Restriction digestion
2 μL aliquots of replication reactions were stopped in 20 μL of stop solution B (50 mM Tris pH 7.5, 0.5% SDS, 25 mM EDTA), and replication products were purified as previously described (Raschle et al., 2008). Purified products were digested with restriction enzymes as per the manufacturer’s instructions. Digestion reactions were stopped in 0.5 volumes of stop solution C (5% SDS, 4 mg/mL Proteinase K) and incubated for 60 minutes at room temperature. Digested products were separated on a 1% native agarose gel and visualized by autoradiography.
Sequencing
LacR-bound p[lacO48] plasmid was replicated in the presence of mitotic B1-CDK1 for 120 minutes. Replication products were purified and digested with AlwNI (single cut on the parental DNA) for 60 minutes at 37°C, as described above. After separation on a 0.9% native agarose gel, bands smaller than the 4.6 kb full-length linear fragment were extracted and self-ligated with T4 DNA ligase. The ligation products were transformed into E.coli DH5α. As a control, p[lacO48] was replicated without LacR for 120 minutes in the presence of B1-CDK1. Replication products (containing only open circular and supercoiled species) were processed as above, and the only band (4.6 kb) after AlwNI restriction was purified for cloning. Clones from both treatments were sequenced by Sanger method with Forward primer: 5’-AAGGCGATTAAGTTGGGTAA-3’ and Reverse primer: 5’-CATGTTCTTTCCTGCGTT ATCCCCTGA-3’.
Microscopy
1 μL of nuclear assembly reactions containing LSS egg extract and sperm chromatin was mixed with 1 μL of Hoechst 3300 (2.5 μg/mL) for 5 minutes before imaging. Images in Figures S1A and S1C were single focal planes acquired by a wide field Nikon Eclipse E600 microscope equipped with a Nikon 40x Plan Apo NA 1.0 oil objective. Images in Figure S4B were maximum projections from stacks of z-series acquired with a 0.5 μm step size. Images were collected using a 60x Plan Apo NA 1.4 oil objective with a CoolSnapHQ2 CCD camera (Photometrics) on a Yokogawa CSU-22 spinning disk confocal system (Nikon Instruments, Melville, NY).
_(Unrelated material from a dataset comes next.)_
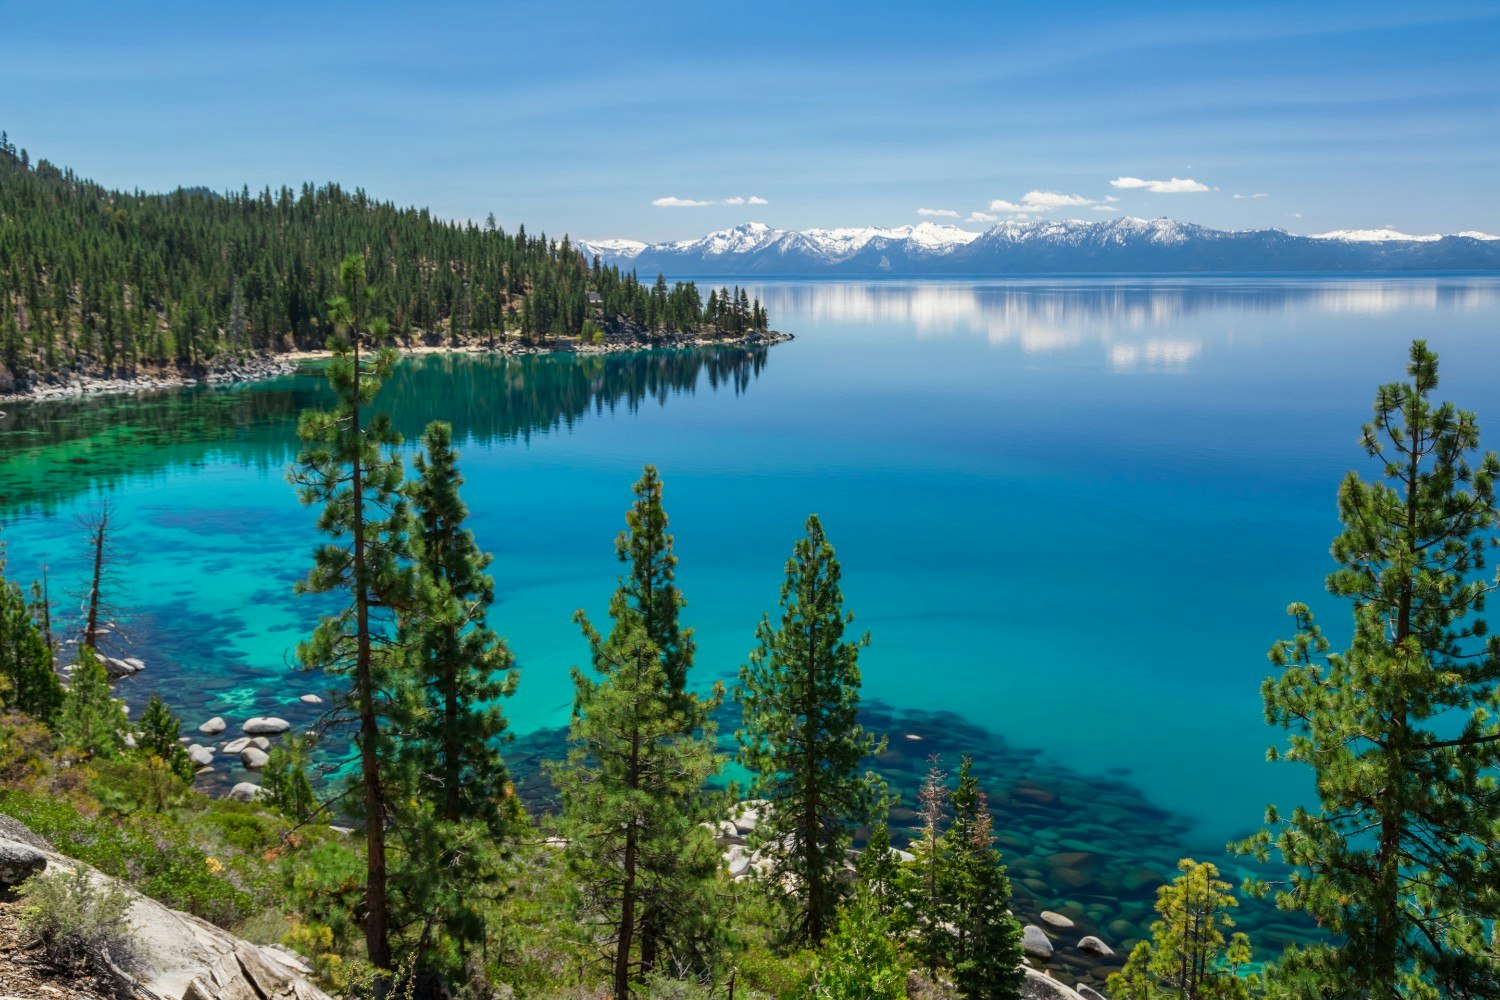 Lake Tahoe in the US
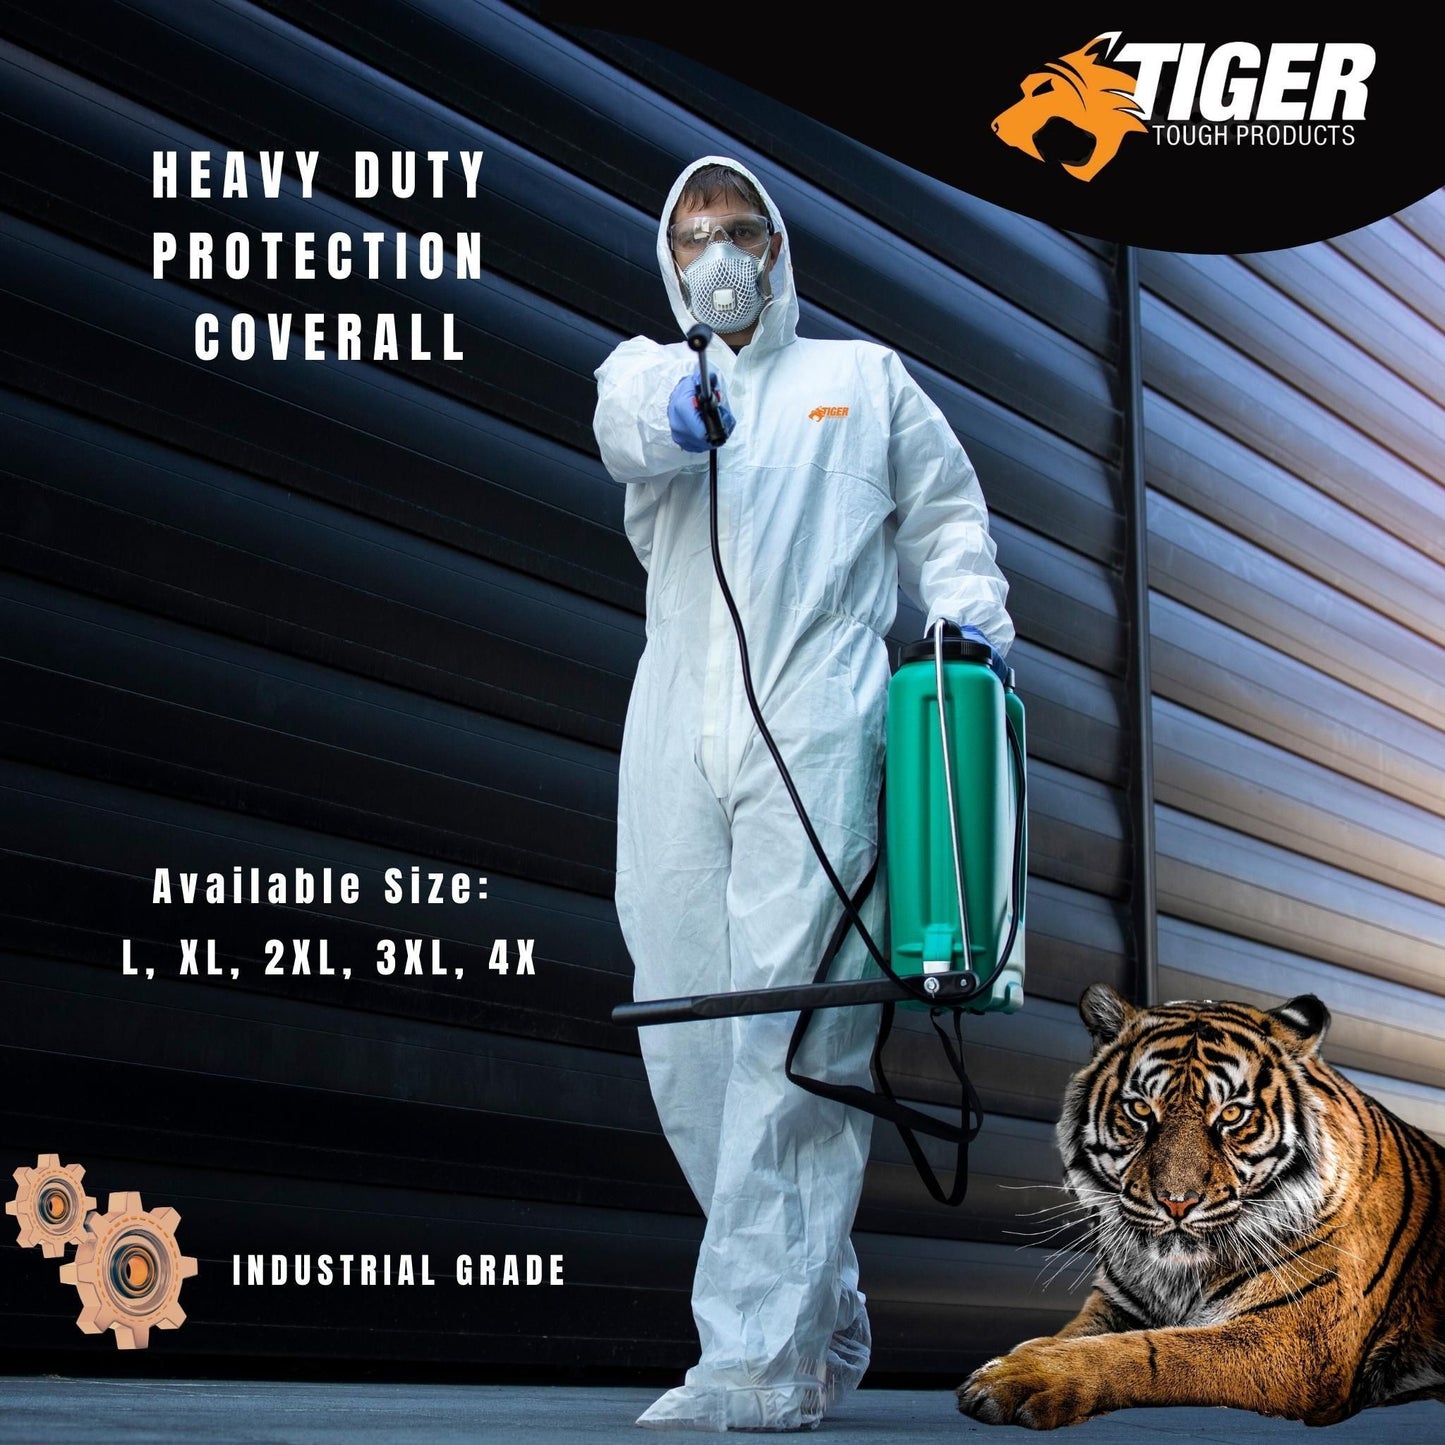 Heavy Duty All Purpose Coveralls. Engineered for Maximum Protection & Comfort. Size L - 4XL (25ct) Misc L,XL,2XL,3XL,4XL

Fluorophores were excited by a 405 nm laser.
Data quantification
Autoradiographs and Western blots were quantified using ImageJ 1.48v (National Institute of Health). The quantification methods for individual results are described in the figure legends.
ACKNOWLEDGMENTS
We thank James Dewar, Emily Low, Justin Sparks, Kyle Vrtis, Daniel Finley, Puck Knipscheer, and Jan-Michael Peters for experimental protocols or reagents. We thank Alan D’Andrea, Randy King, Ralph Scully, Karim Labib, and members of the Pellman and Walter laboratories for helpful discussion and critical reading of the manuscript. R.A.W. was supported by postdoctoral fellowship 131415-PF-17-168-01-DMC from the American Cancer Society. D.P. was supported by NIH grant CA213404. J.C.W. was supported by NIH grants GM080676 and HL098316. D.P. and J.C.W. are investigators of the Howard Hughes Medical Institute.